# Classifier Evaluation Lab

* Copy&paste your model for homework5 model
* Add grid search and train
* Compare performance
* Which one is better? Explain?

In [1]:
import pandas as pd
import numpy as np
import matplotlib.pyplot as plt
%matplotlib inline

from sklearn.pipeline import Pipeline
from sklearn.impute import SimpleImputer
from sklearn.preprocessing import StandardScaler, OneHotEncoder
from sklearn.compose import ColumnTransformer
from sklearn.linear_model import LogisticRegression
from sklearn.model_selection import train_test_split, GridSearchCV
from sklearn.metrics import accuracy_score

df = pd.read_csv('https://raw.githubusercontent.com/msaricaumbc/DS_data/master/ds602/log_reg/employee-turnover-balanced.csv')
df.head()

Unnamed: 0,left_company,age,frequency_of_travel,department,commuting_distance,education,satisfaction_with_environment,gender,seniority_level,position,satisfaction_with_job,married_or_single,last_raise_pct,last_performance_rating,total_years_working,years_at_company,years_in_current_job,years_since_last_promotion,years_with_current_supervisor
0,No,37,Travel_Rarely,Sales,16,4,4,Male,2,Sales Executive,3,Divorced,19,3,9,1,0,0,0
1,No,39,Travel_Rarely,Research & Development,3,2,3,Male,2,Laboratory Technician,3,Divorced,15,3,11,10,8,0,7
2,No,52,Travel_Frequently,Research & Development,25,4,3,Female,4,Manufacturing Director,4,Married,22,4,31,9,8,0,0
3,No,50,Non-Travel,Sales,1,3,4,Female,2,Sales Executive,3,Married,12,3,19,18,7,0,13
4,No,44,Travel_Rarely,Research & Development,4,3,4,Male,2,Healthcare Representative,2,Single,12,3,10,5,2,2,3


In [2]:
#model from homework 5
numerical_vars = ['age', 'commuting_distance', 'education', 'satisfaction_with_environment', 'seniority_level', 'satisfaction_with_job', 'last_raise_pct', 'last_performance_rating', 'total_years_working', 'years_at_company', 'years_since_last_promotion', 'years_with_current_supervisor']
categorical_Vars = ['frequency_of_travel', 'department', 'gender', 'position' , 'married_or_single']

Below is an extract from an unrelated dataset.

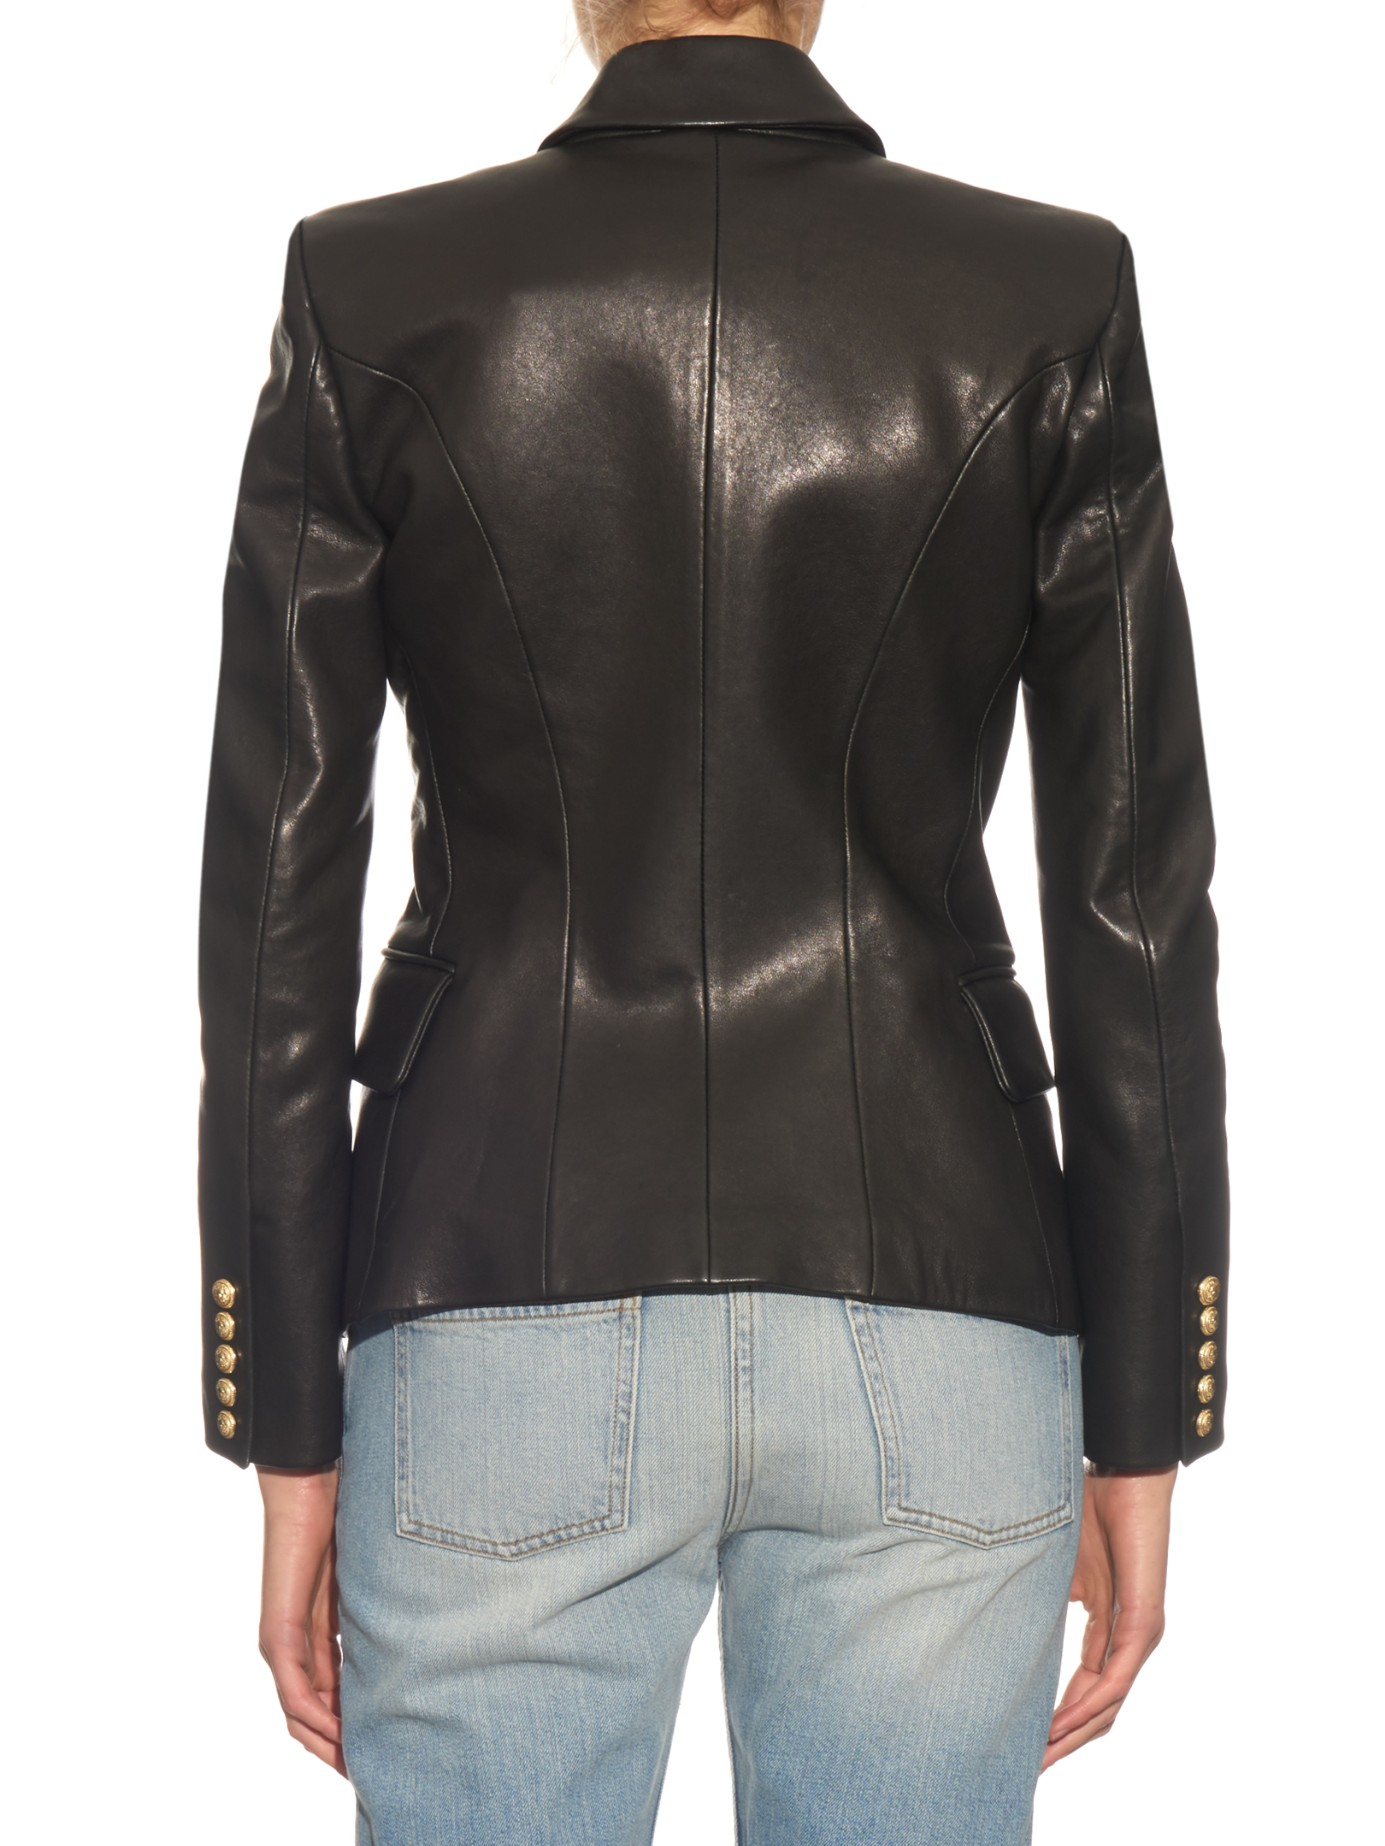 Balmain Double-Breasted Leather Jacket in Black - Lyst

Xtrain, Xtest, ytrain, ytest = train_test_split(
    df[numerical_vars + categorical_Vars],
    df['left_company'],
    test_size=0.2,
    random_state=124
)


num_pipeline = Pipeline([
    ('imputer', SimpleImputer(strategy='median')),
    ('scaler', StandardScaler())
])

cat_pipeline = Pipeline([
    ('encoder', OneHotEncoder(handle_unknown='ignore'))
])

preprocessor = ColumnTransformer([
    ('num', num_pipeline, numerical_vars),
    ('cat', cat_pipeline, categorical_Vars)
])

logreg_pipeline = Pipeline([
    ('preprocessor', preprocessor),
    ('logreg', LogisticRegression(max_iter=1000))
])

logreg_pipeline.fit(Xtrain, ytrain)

train_preds = logreg_pipeline.predict(Xtrain)
test_preds = logreg_pipeline.predict(Xtest)

train_acc = accuracy_score(ytrain, train_preds)
test_acc = accuracy_score(ytest, test_preds)

print(f"Training accuracy: {train_acc}")
print(f"Test accuracy: {test_acc}")

Training accuracy: 0.72625
Test accuracy: 0.655


In [3]:
#grid search for hyper paremeter tuning
param_grid = {
    'preprocessor__num__imputer__strategy': ['mean', 'median'],
    'logreg__C': [0.1, 1, 10],
    'logreg__solver': ['lbfgs', 'newton-cg', 'liblinear', 'sag', 'saga'],
}


grid_search = GridSearchCV(logreg_pipeline, param_grid, cv=5, n_jobs=-1)

grid_search.fit(Xtrain, ytrain)

print("Best hyperparameters: ", grid_search.best_params_)
print("Best accuracy score: ", grid_search.best_score_)

Best hyperparameters:  {'logreg__C': 0.1, 'logreg__solver': 'liblinear', 'preprocessor__num__imputer__strategy': 'mean'}
Best accuracy score:  0.6950000000000001


In [4]:
#accuracy on test and train serts
train_preds = grid_search.predict(Xtrain)
test_preds = grid_search.predict(Xtest)

train_acc = accuracy_score(ytrain, train_preds)
test_acc = accuracy_score(ytest, test_preds)

print(f"Training accuracy: {train_acc}")
print(f"Test accuracy: {test_acc}")

Training accuracy: 0.72875
Test accuracy: 0.68


We can see that the model with grid search achieved higher scores on all evaluation metrics, indicating that it performed better than the original model. This is expected because grid search helps to find the best hyperparameters for the model, leading to better performance.